» DATA SEGMENT:
▬▬▬▬▬▬▬▬▬▬

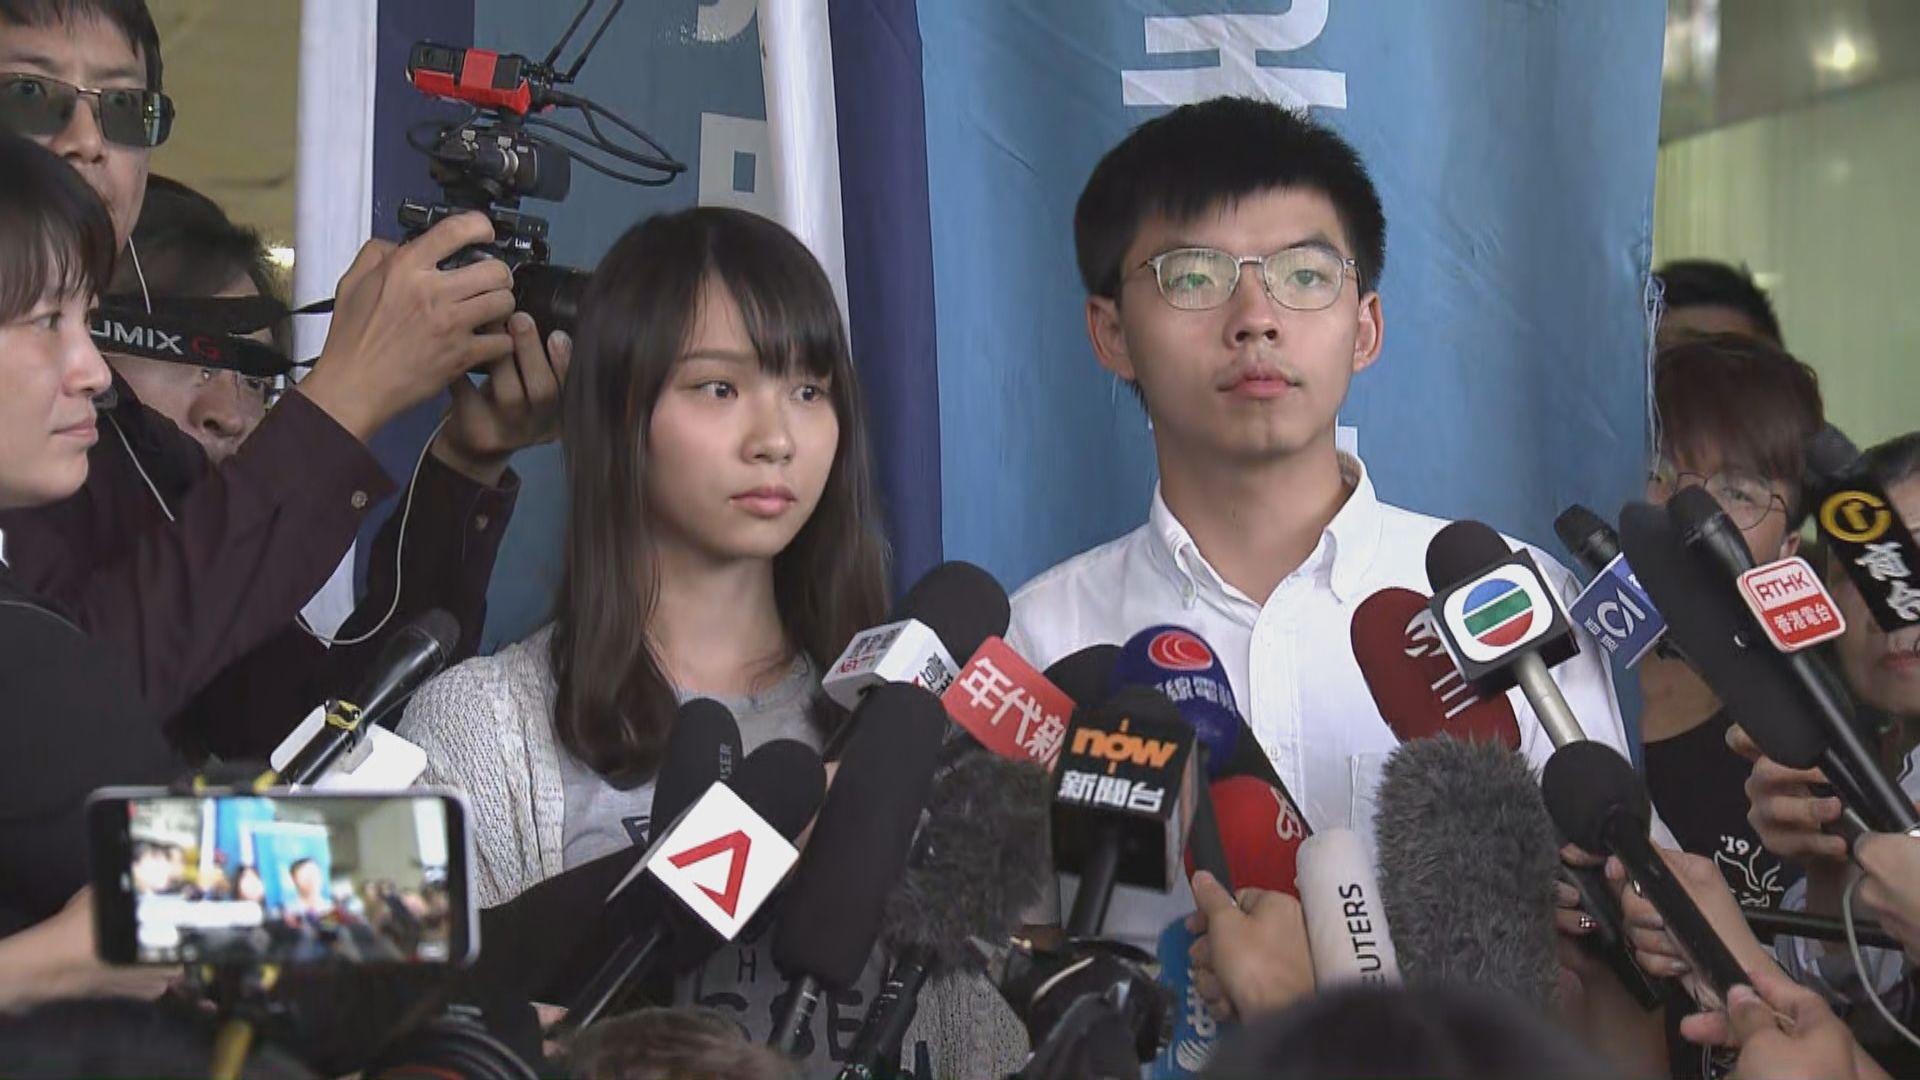 【即日焦點】據報行會曾討論《緊急法》 視乎831情況再作考慮;831前夕至少七人被捕 黃之鋒:拘捕及起訴不會平息民憤
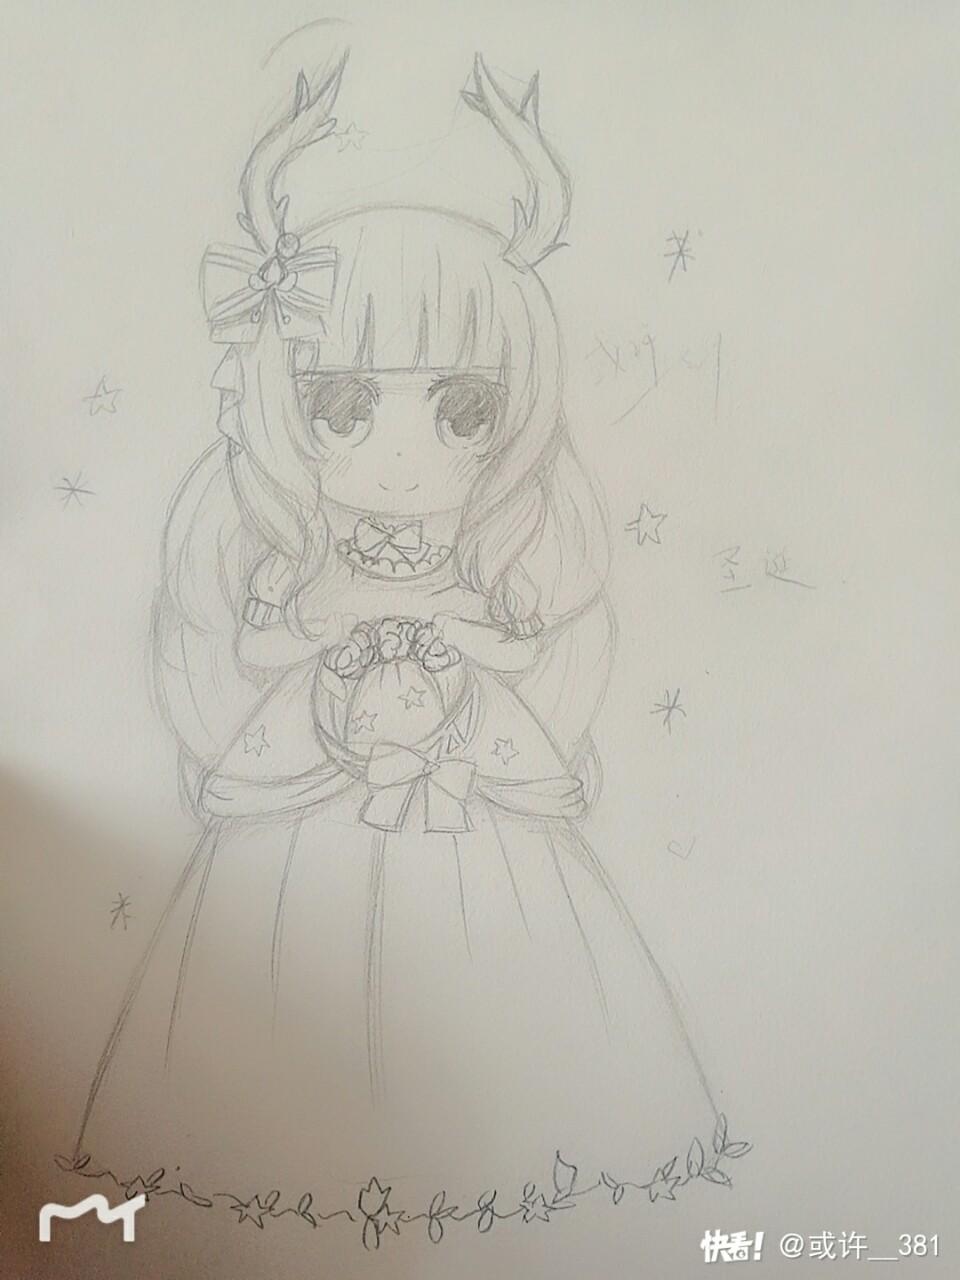 叶罗丽精灵梦之月公主的恋情__d259_d349图片
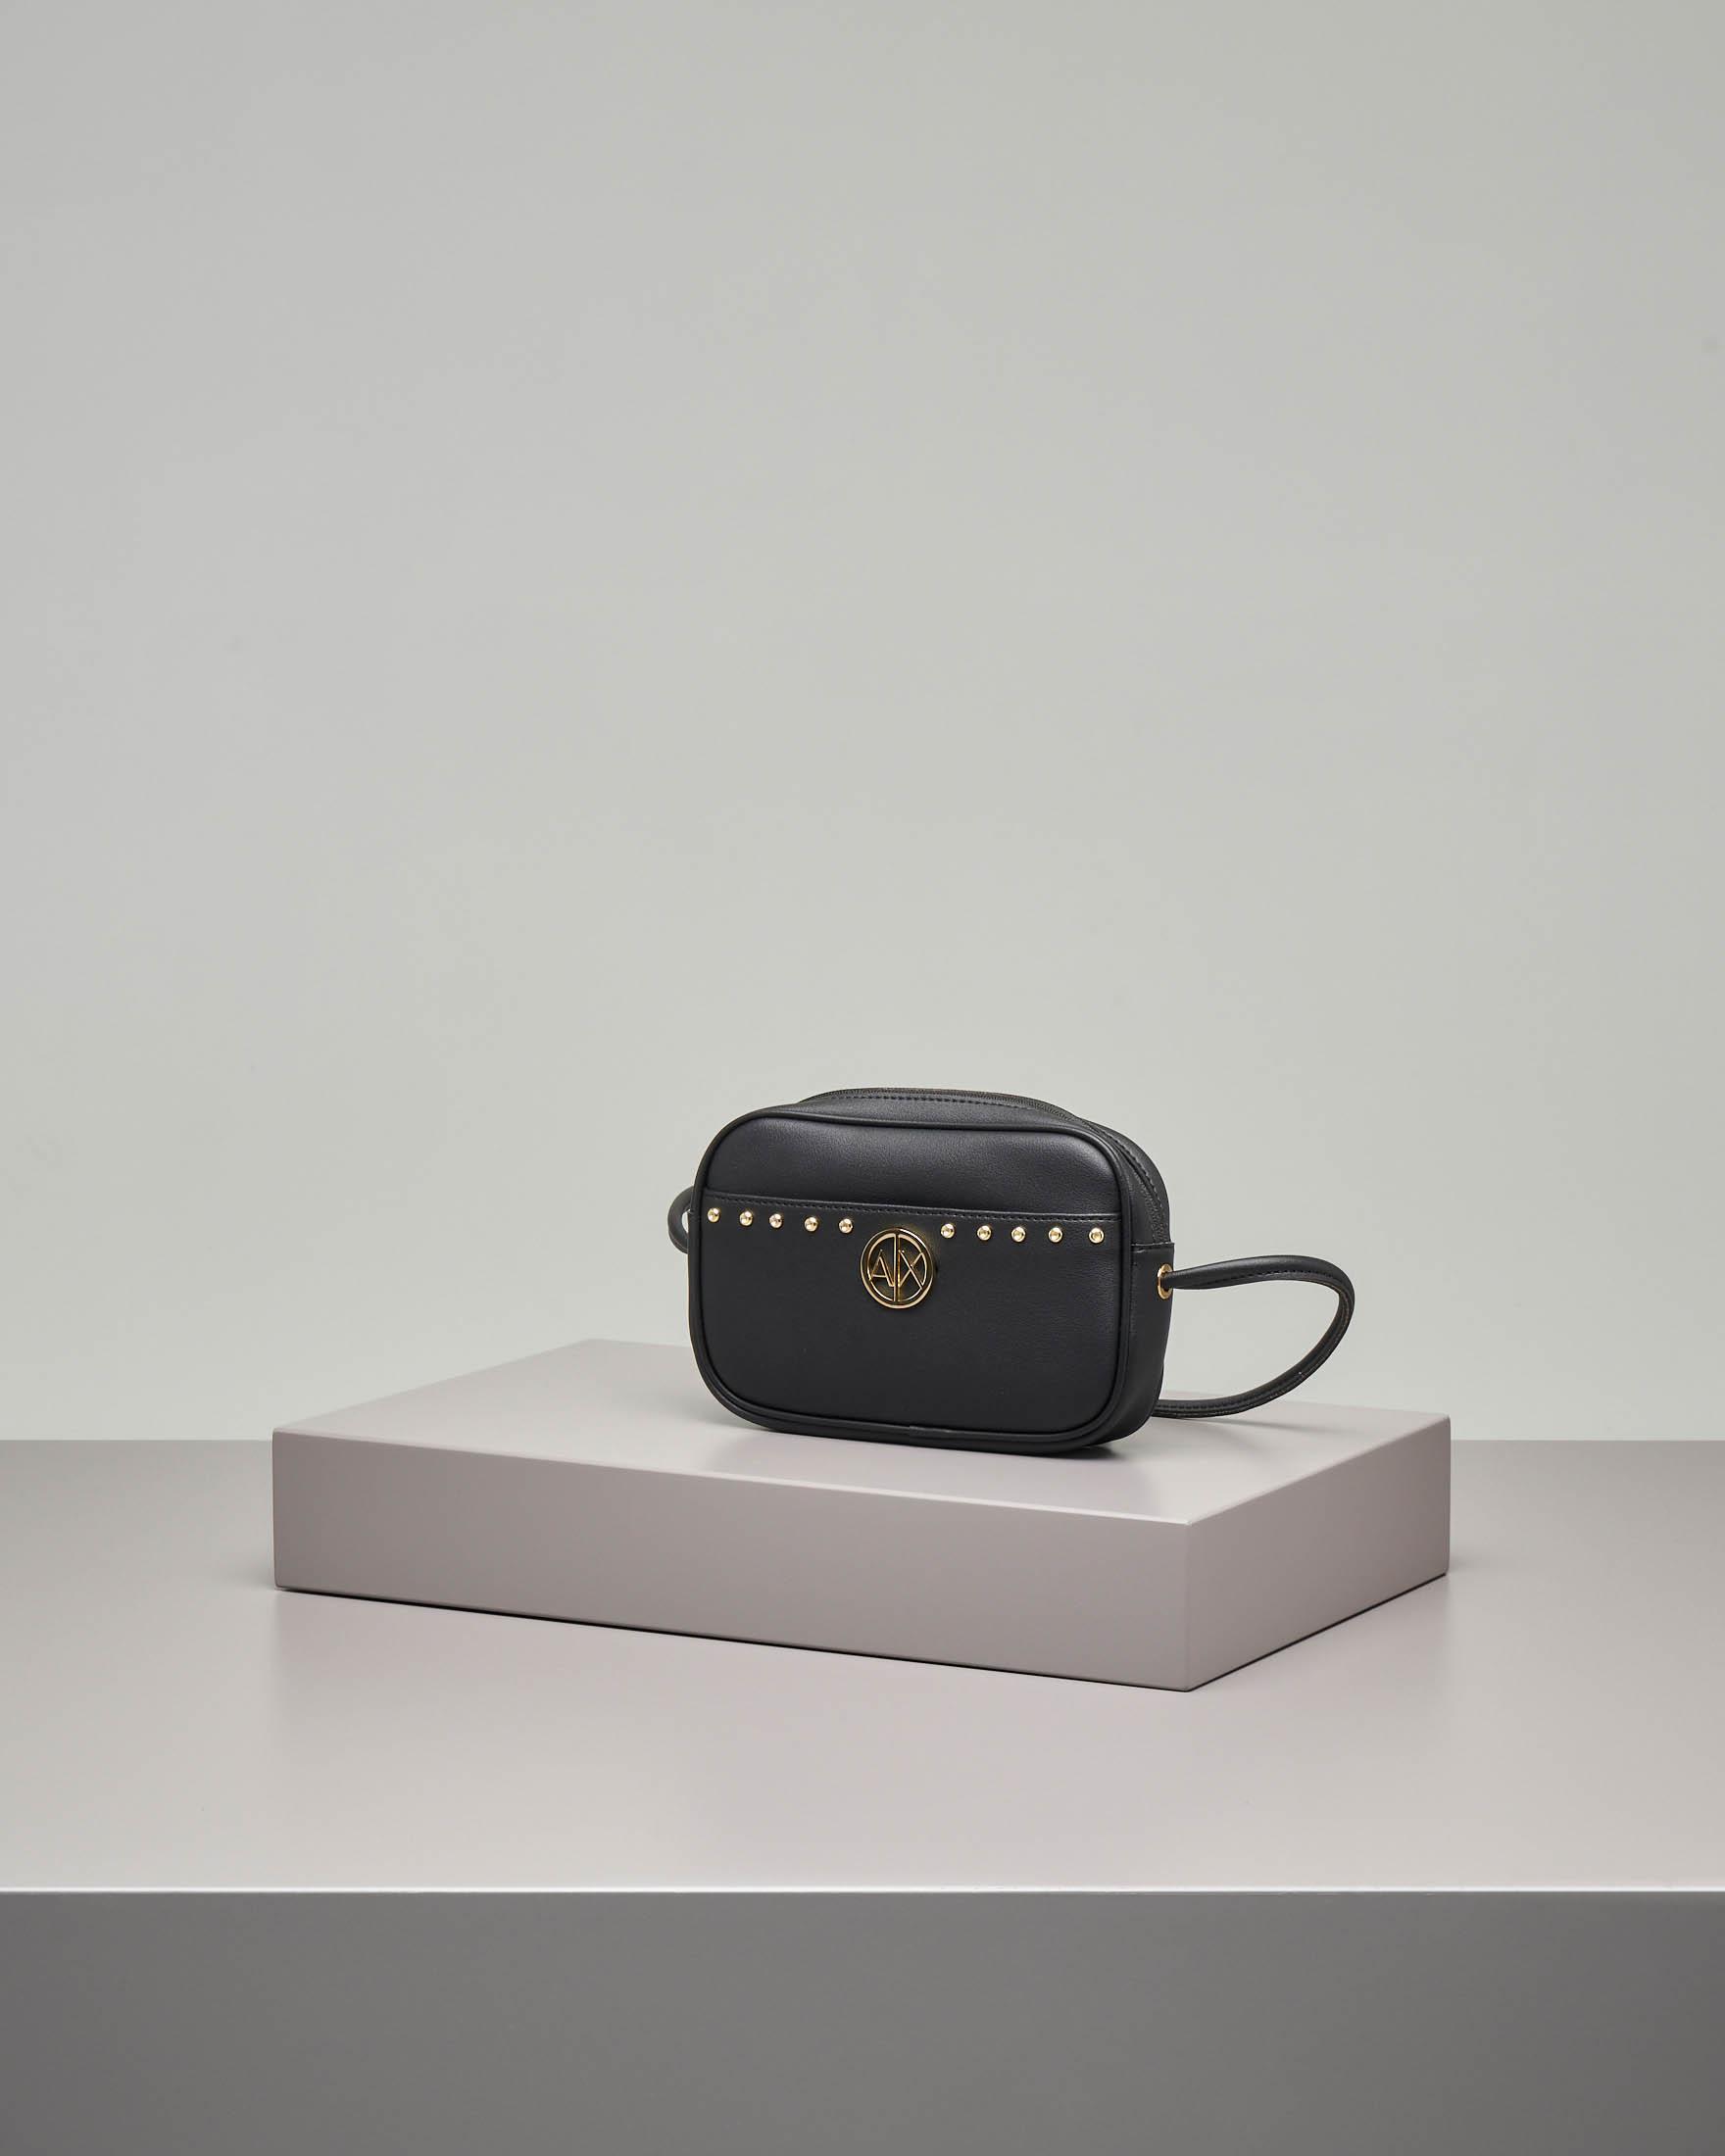 Cross bag nera in ecopelle effetto liscio con borchie e logo in metallo

▬▬▬▬▬▬▬▬▬▬

» ASSIGNMENT: Once the pictures are set aside, please reproduce the remaining material word for word.

» FINISHED EXERCISE:
 【即日焦點】據報行會曾討論《緊急法》 視乎831情況再作考慮;831前夕至少七人被捕 黃之鋒:拘捕及起訴不會平息民憤
 叶罗丽精灵梦之月公主的恋情__d259_d349图片
 Cross bag nera in ecopelle effetto liscio con borchie e logo in metallo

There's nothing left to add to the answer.